“The Abolitionists! Get the Abolitionists! They are behind John Brown!”

Amelia read of letters and papers found in the farmhouse near Harper’s Ferry. “Many people are implicated! Indictments being drawn up!” She looked at Jack, her face white.

“Do you suppose—could it be—would he be among them?” She bit her trembling lips.

Jack Haley frowned. He had heard talk at the office. He knew they were looking for Frederick Douglass. He knew they would hang this Negro whom they hated and feared more than a dozen white men—if they got him. He patted Amelia on the shoulder.

“I wouldn’t worry,” he comforted her. “Your Frederick is a smart man.”

“He might be needed to testify—he may have something to say.” Amelia was certain Frederick Douglass would not turn aside from his duty.

“He is not a fool,” Jack said, shaking his head. “The Dred Scott decision renders his word useless. No word of his can help John Brown.”

Amelia heard the bitterness in Jack’s voice and she sighed. Time had dealt kindly with Amelia. At sixty her step was more elastic, her skin smoother and her shoulders straighter than the day, fifteen years before, when she had walked away from Covey’s place. Mrs. Royall, intrepid journalist, was dead. Amelia had stayed on in the house, assumed the mortgage, and took in as roomers a score of clerks and secretaries who labored in the government buildings a few blocks away. “Miss Amelia’s” house was popular, and her rooms were in demand.

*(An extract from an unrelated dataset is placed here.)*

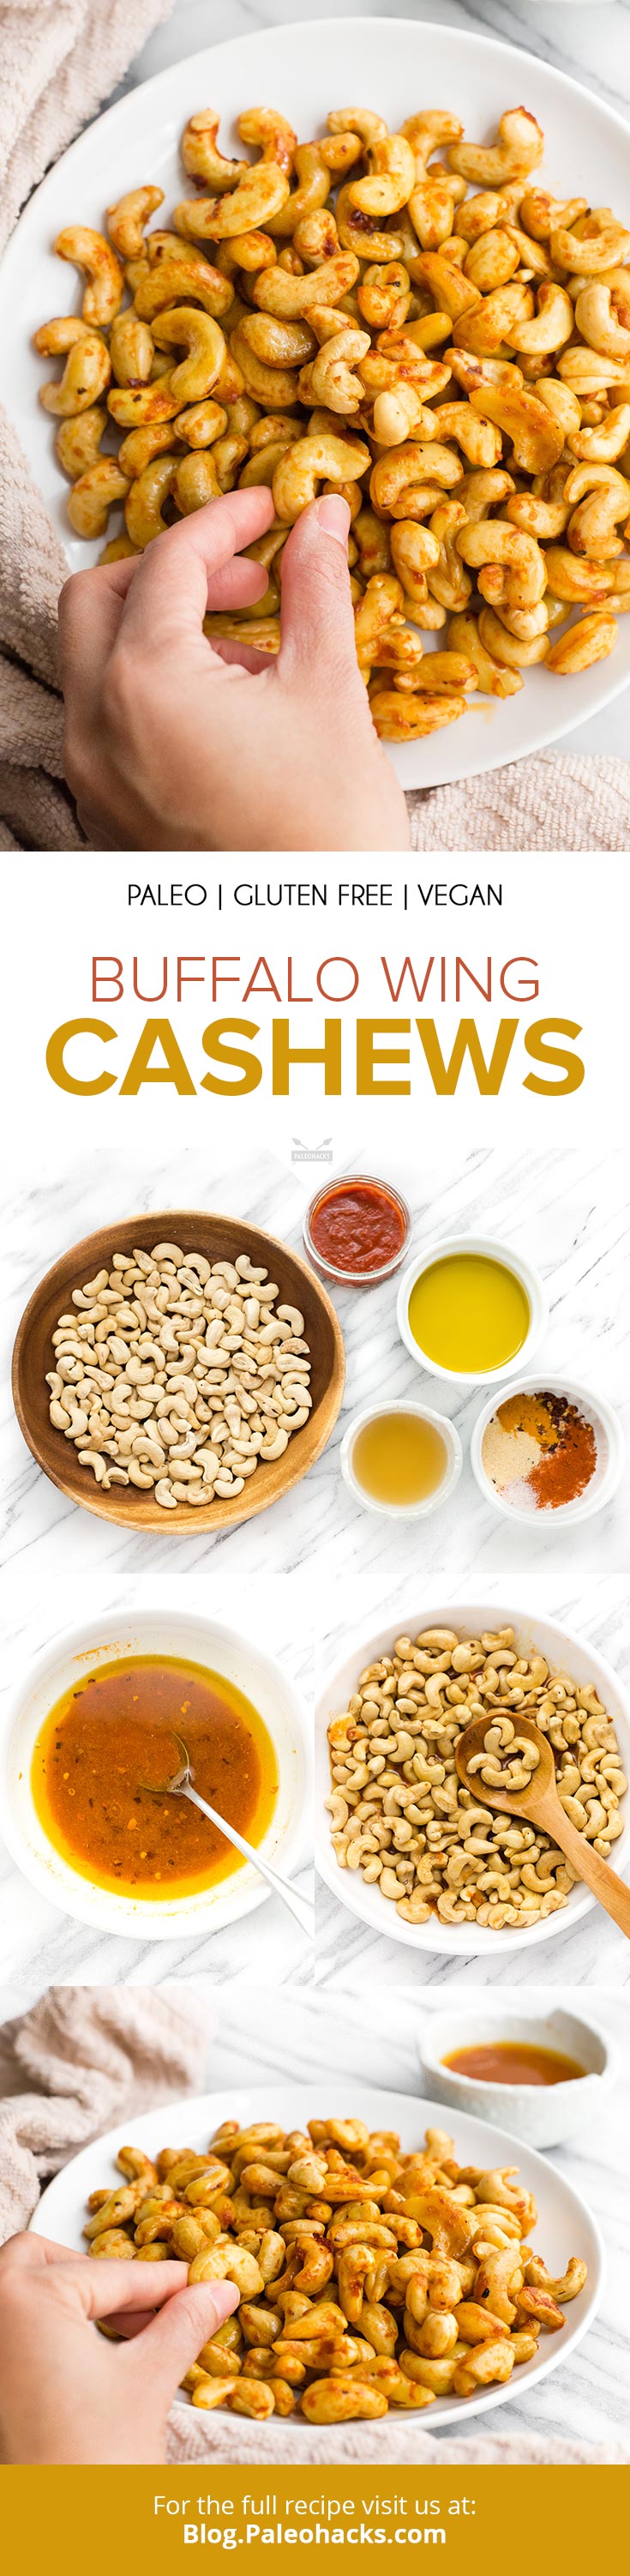 When you need something to munch on between meals, reach for these addictive cashews infused with buffalo wing flavor. Can't stop snacking!

Jack had married and talked of going away, of starting his own paper, of becoming a power in one of the new publishing houses—Then suddenly, during a sleeting winter, an epidemic had struck Washington. Afterward, there had been quite a stir about “cleaning up the city.” Certain sections had got new sewers and rubbish was collected. But Jack’s wife was dead. So a grim-faced, older Jack had moved in with Amelia. He had stayed on with the paper, contemptuous of much he saw and heard. For Jack Haley, as for many people in the United States the fall of 1859, John Brown cleared the air. Somebody’s doing something, thank God!

Amelia continued to scan the papers, dreading to see Frederick Douglass’ name. And one day she did, but as she read farther a smile lit up her face. The story was an angry denunciation of “this Frederick Douglass” by Governor Wise of Virginia. Douglass, he announced, had slipped through their fingers. He was known to have boarded a British steamer bound for England. “Could I overtake that vessel,” the Governor was quoted as saying, “I would take him from her deck at any cost.”